The model Dawson proposes in answer to Poulantzas is of each self-defined community going its own way. The stress on the autonomous nature of the smart grids Dawson celebrates rather implies that each community could just pull up the drawbridge at will in the face of natural disaster or state collapse. As is sometimes the case with green proposals, this can be read as a manifesto for the survival of communities with the wherewithal to be self-sufficient at the expense of those that can’t. Not everywhere has sufficient land around it to set up its own smart grid as Feldheim did, nor the $4,000 it took from each household to get it going.
It is also unjustifiably assumed that these autonomous communities would automatically develop genuine democracy, as opposed to an unstated hierarchy in which some get much more power (in all senses) than others. The way in which organisations which believe themselves to be flat and non-hierarchical, and which do not have internal democratic structures, tend to operate in practice is relevant here.

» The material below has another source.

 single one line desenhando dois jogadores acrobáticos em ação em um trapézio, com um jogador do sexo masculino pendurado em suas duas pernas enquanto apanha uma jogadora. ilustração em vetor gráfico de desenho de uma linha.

Dawson sees decentralised renewable generation at community level as a way of achieving ‘communal luxury and human solidarity’ (p.214). Unfortunately, this reads more at times as a proposal for individual communities to prepare themselves to survive the apocalypse, with all the lack of solidarity for those not so well prepared that that implies. Dawson is correct that the need for a wholesale shift away from fossil fuels is urgent. He is also correct that simply replacing power stations with solar panels, while addressing the immediate problem, does nothing to address the systemic causes of the crisis.

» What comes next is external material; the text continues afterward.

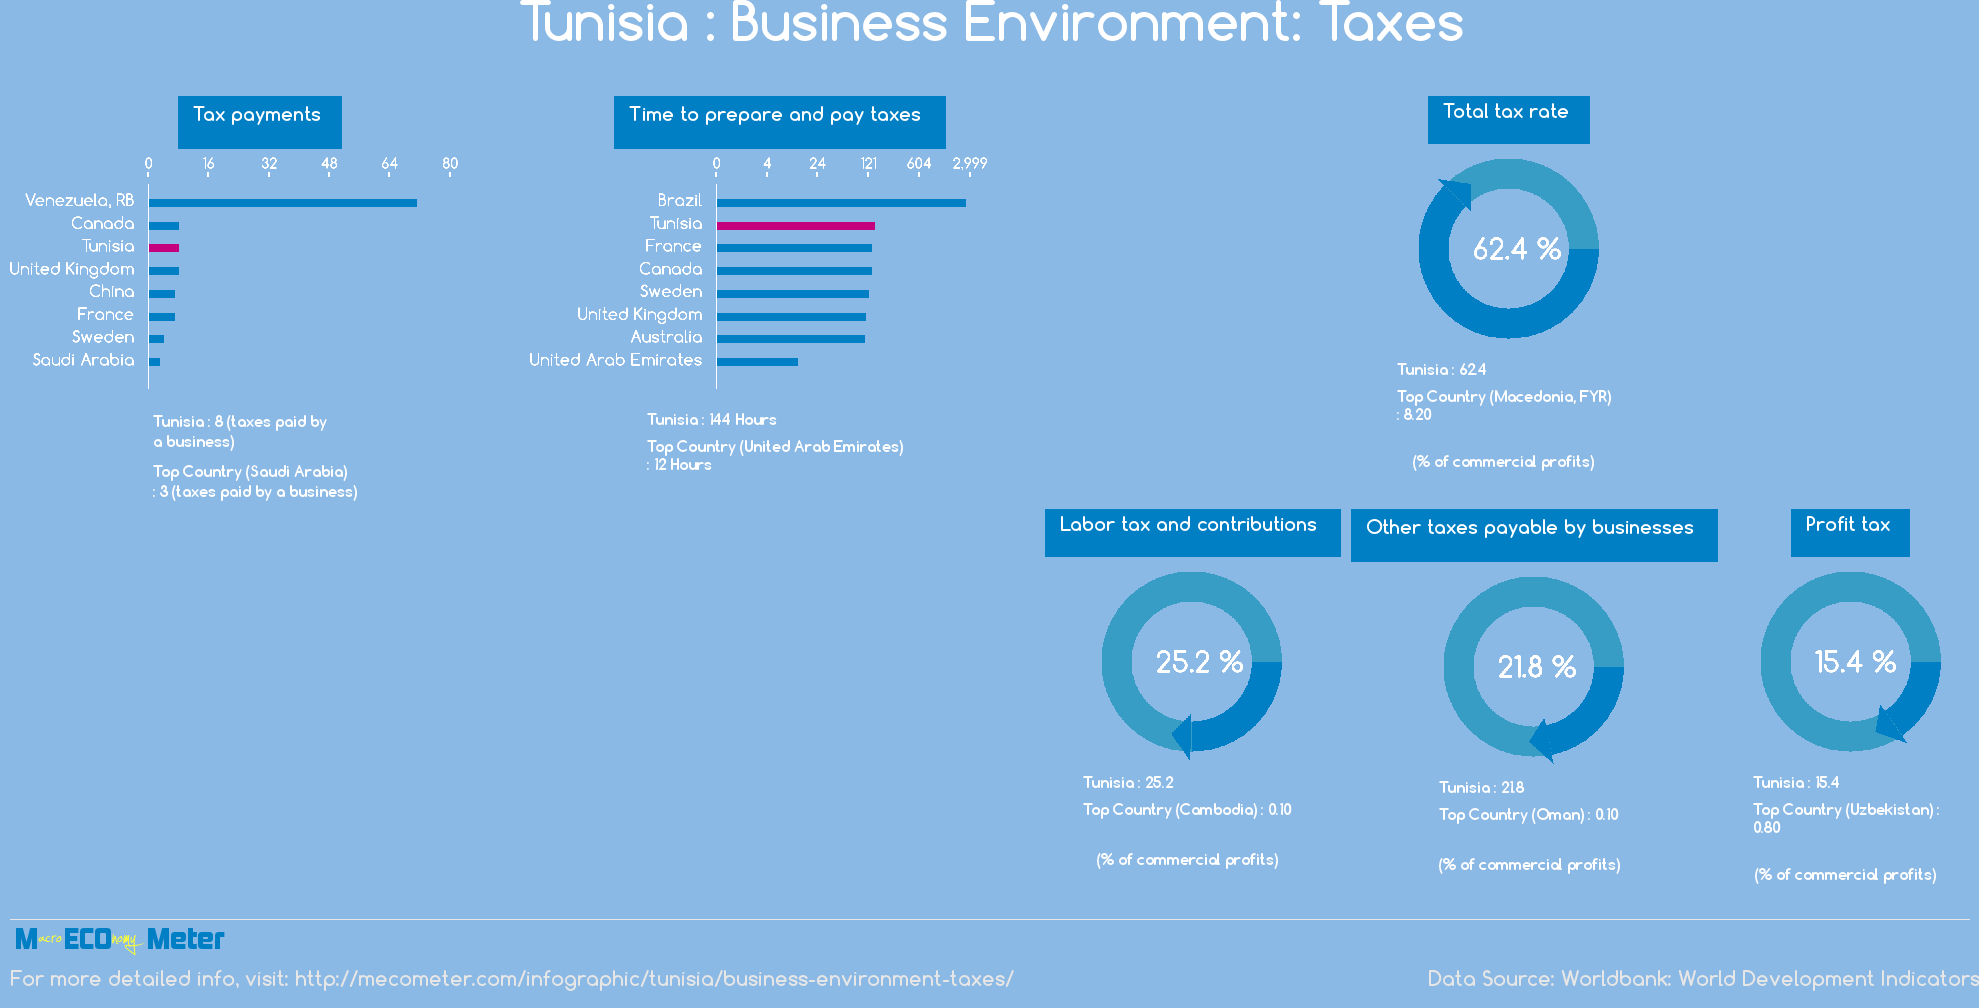 Tunisia : Business Environment: Taxes

There is a strong case to be made that all utilities, including broadband, should be provided to everyone free at the point of delivery. Clean water, heat and power should be human rights, and since government policies themselves make access to the internet necessary to function in society, access to that too should be a given, not related to anyone’s ability to pay for it. This is only an argument against centralisation if we give up on the idea that we could ever bring centralised utilities under the people’s democratic control.
If you think that this is an impossible goal, then by all means, start planning your post-Day of the Triffids/zombie apocalypse self-sufficient community. A more hopeful view of our ability to fight back and change the world would have us fighting for a centralised renewable power grid run by and for the people.